Python的正则表达式re模块

　　　　　　　　　　　　　　Python的正则表达式（re模块）

　　　　　　　　　　　　　　　　　　　　　　　　　　　　　　　　　　　　　　作者：尹正杰

　　Python使用re模块提供了正则表达式处理的能力。如果对正则表达式忘记的一干二净的话，可以花费几分钟时间在网上概览一下正则表达式基础，也可以参考我之前的笔记：https://www.cnblogs.com/yinzhengjie/p/11112046.html。

一.常量

多行模式：

　　re.M
　　re.MULTILINE

单行模式：

　　re.S
　　re.DOTAL

忽略大小写：

　　re.I
　　re.IGNORECASE

忽略表达式中的空白字符：
　　re.X
　　re.VERBOSE

二.单次匹配

1>.match方法

 #！/usr/bin/env python

 #_*_conding:utf-8_*_

 #@author :yinzhengjie

 #blog:http://www.cnblogs.com/yinzhengjie

 import re

 src = """bottle\nbag\nbig\napple"""

 for i,c in enumerate(src,1):

     print((i-1,c),end="\n" if i % 10 == 0 else " ")

 print()

 result = re.match("b",src)          #match匹配从字符串的开头匹配，找到第一个就不找了，返回match对象。

 print(1,result)

 result = re.match("a",src)          #没找到，返回None

 print(2,result)

 result = re.match("^a",src,re.M)    #依然从头开始找，多行模式没有用

 print(3,result)

 result = re.match("^a",src,re.S)    #依然从头开始找

 print(4,result)

 """

         设定flags，编译模式，返回正则表达式对象regex。第一个参数就是正则表达式字符串(pattern)，flags是选项。正则表达式需

     要被编译，为了提高效率，这些编译后的结果被保存，下次使用同样的pattern的时候，就不需要再次编译。
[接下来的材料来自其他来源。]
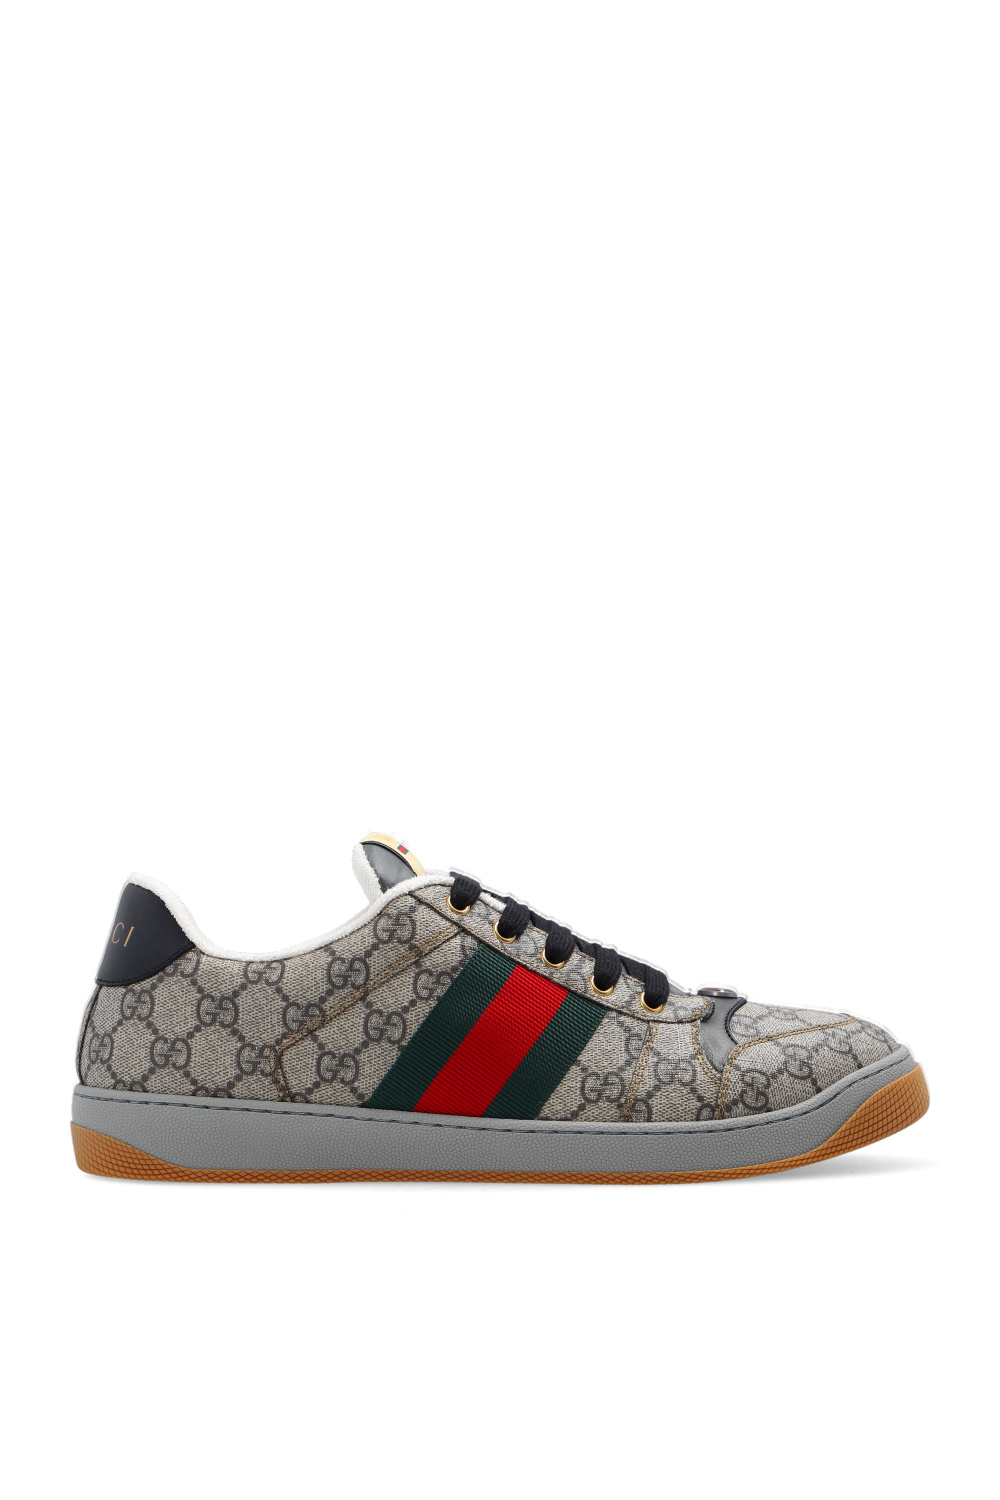 Gucci 'Screener' sneakers | Men's Shoes | Vitkac

         re的其它方法为了提高效率都调用了编译方法，就是为了提速。

 """

 regex = re.compile("a",flags=0)     #先编译，然后使用正则表达式对象

 result = regex.match(src)           #依然从头开始找，regex对象match方法可以设置开始位置和结束位置，依旧返回match对象。

 print(5,regex)

 result = regex.match(src,15)        #把索引15作为开始找

 print(6,result)

 #以上代码执行结果如下:

 (0, 'b') (1, 'o') (2, 't') (3, 't') (4, 'l') (5, 'e') (6, '\n') (7, 'b') (8, 'a') (9, 'g')

 (10, '\n') (11, 'b') (12, 'i') (13, 'g') (14, '\n') (15, 'a') (16, 'p') (17, 'p') (18, 'l') (19, 'e')
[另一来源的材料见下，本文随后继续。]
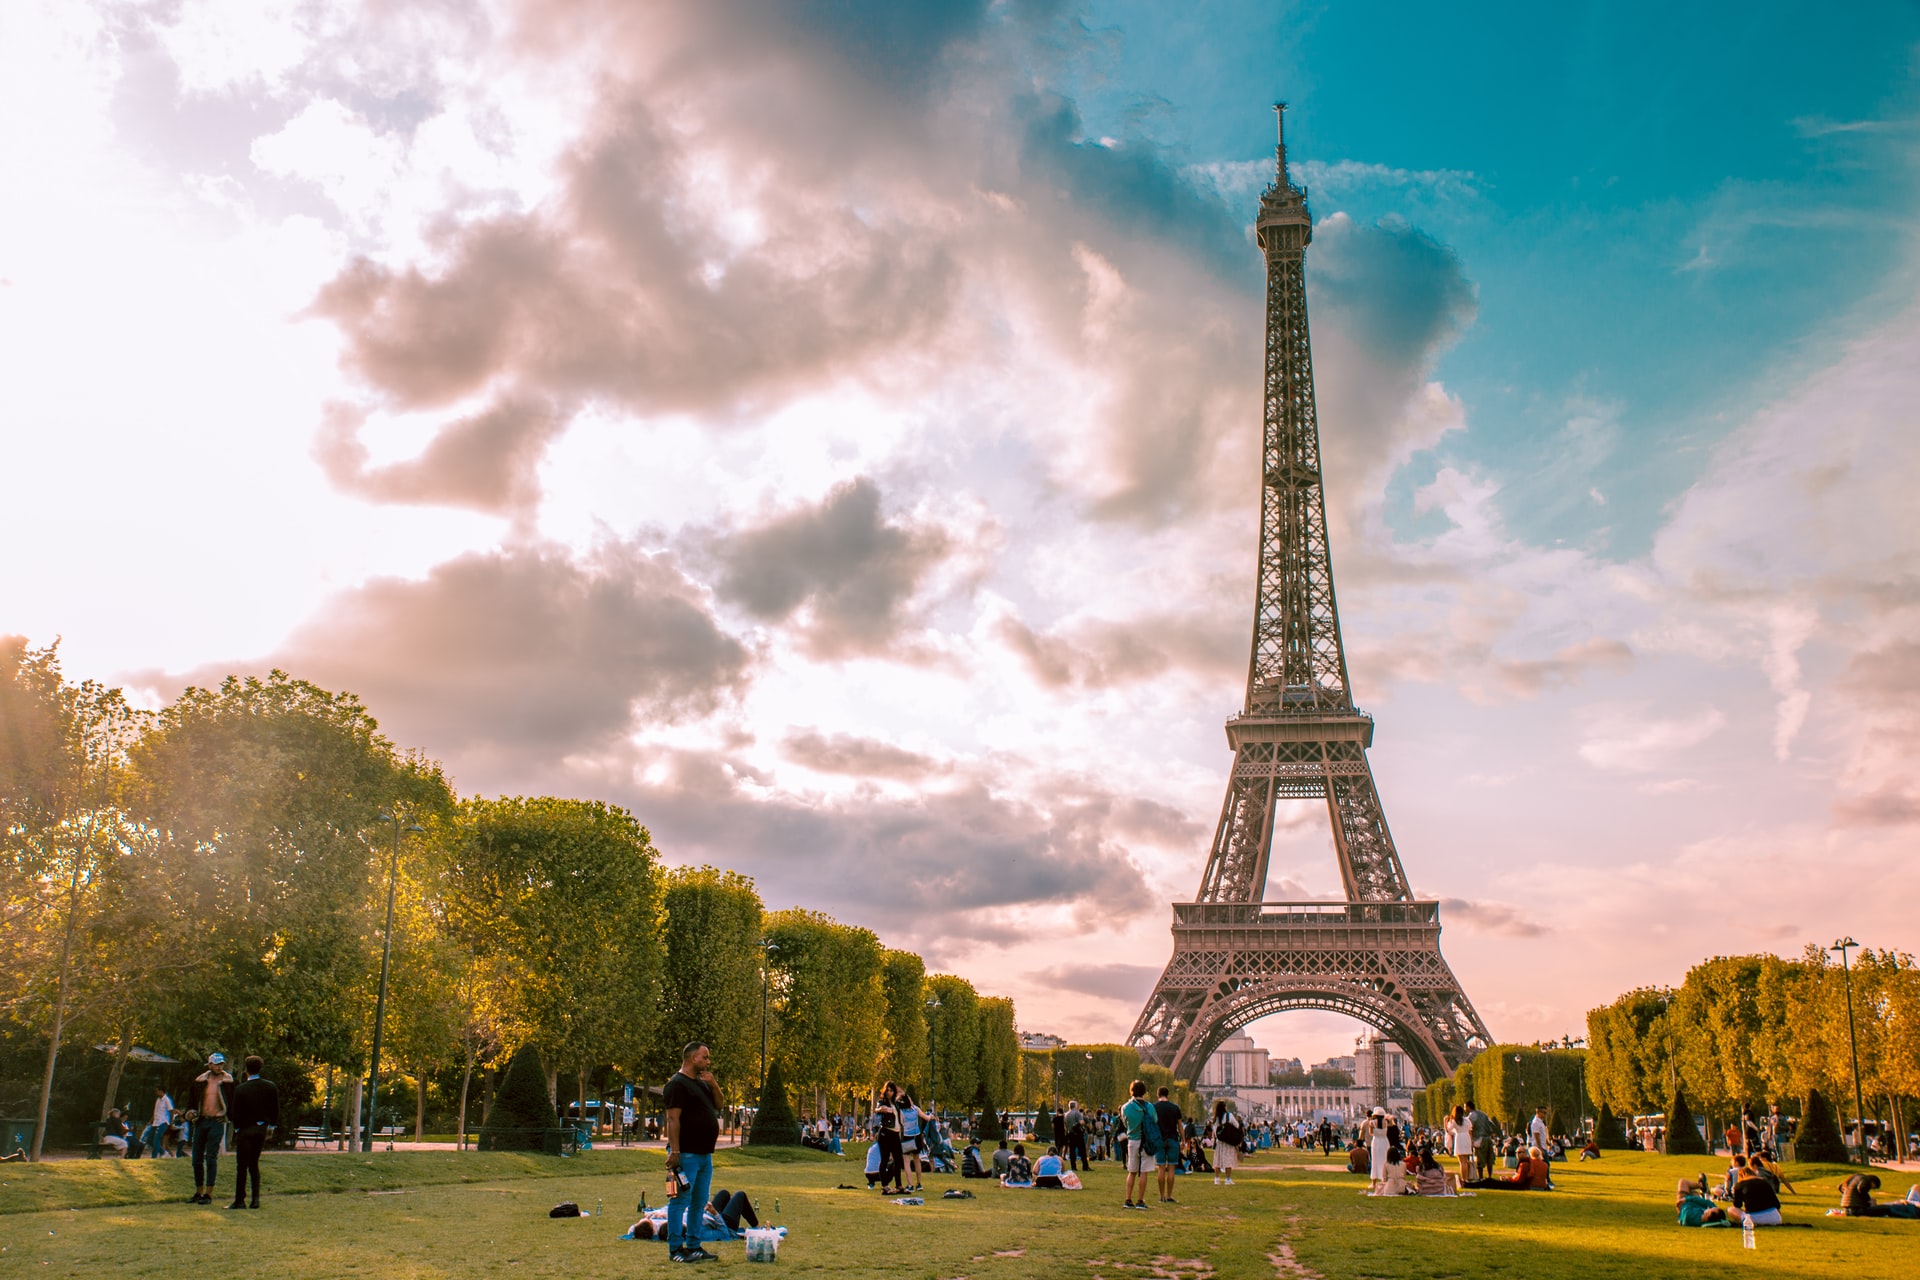 Si viatges a París i no veus la Torre Eiffel, has estat de debò a París? Si us quedeu en aquesta zona, podeu arribar a veure la torre des del vostre llit d'hotel.

 1 <re.Match object; span=(0, 1), match='b'>

 2 None

 3 None

 4 None

 5 re.compile('a')

 6 <re.Match object; span=(15, 16), match='a'>

2>.serach方法

 #！/usr/bin/env python

 #_*_conding:utf-8_*_

 #@author :yinzhengjie

 #blog:http://www.cnblogs.com/yinzhengjie

 import re

 src = """bottle\nbag\nbig\napple"""

 for i,c in enumerate(src,1):

     print((i-1,c),end="\n" if i % 10 == 0 else " ")

 print()

 result = re.search("a",src)     #从头搜索知道第一个匹配，返回mathc对象

 print(1,result)

 regex = re.compile("b")

 result = regex.search(src,1)

 print(2,result)

 regex = re.compile("^b",re.M)

 result = regex.search(src)      #regex对象search方法可以重设定开始位置和结束位置，返回mathc对象

 print(3,result)

 result = regex.search(src,8)

 print(4,result)

 #以上代码执行结果如下:

 (0, 'b') (1, 'o') (2, 't') (3, 't') (4, 'l') (5, 'e') (6, '\n') (7, 'b') (8, 'a') (9, 'g')

 (10, '\n') (11, 'b') (12, 'i') (13, 'g') (14, '\n') (15, 'a') (16, 'p') (17, 'p') (18, 'l') (19, 'e')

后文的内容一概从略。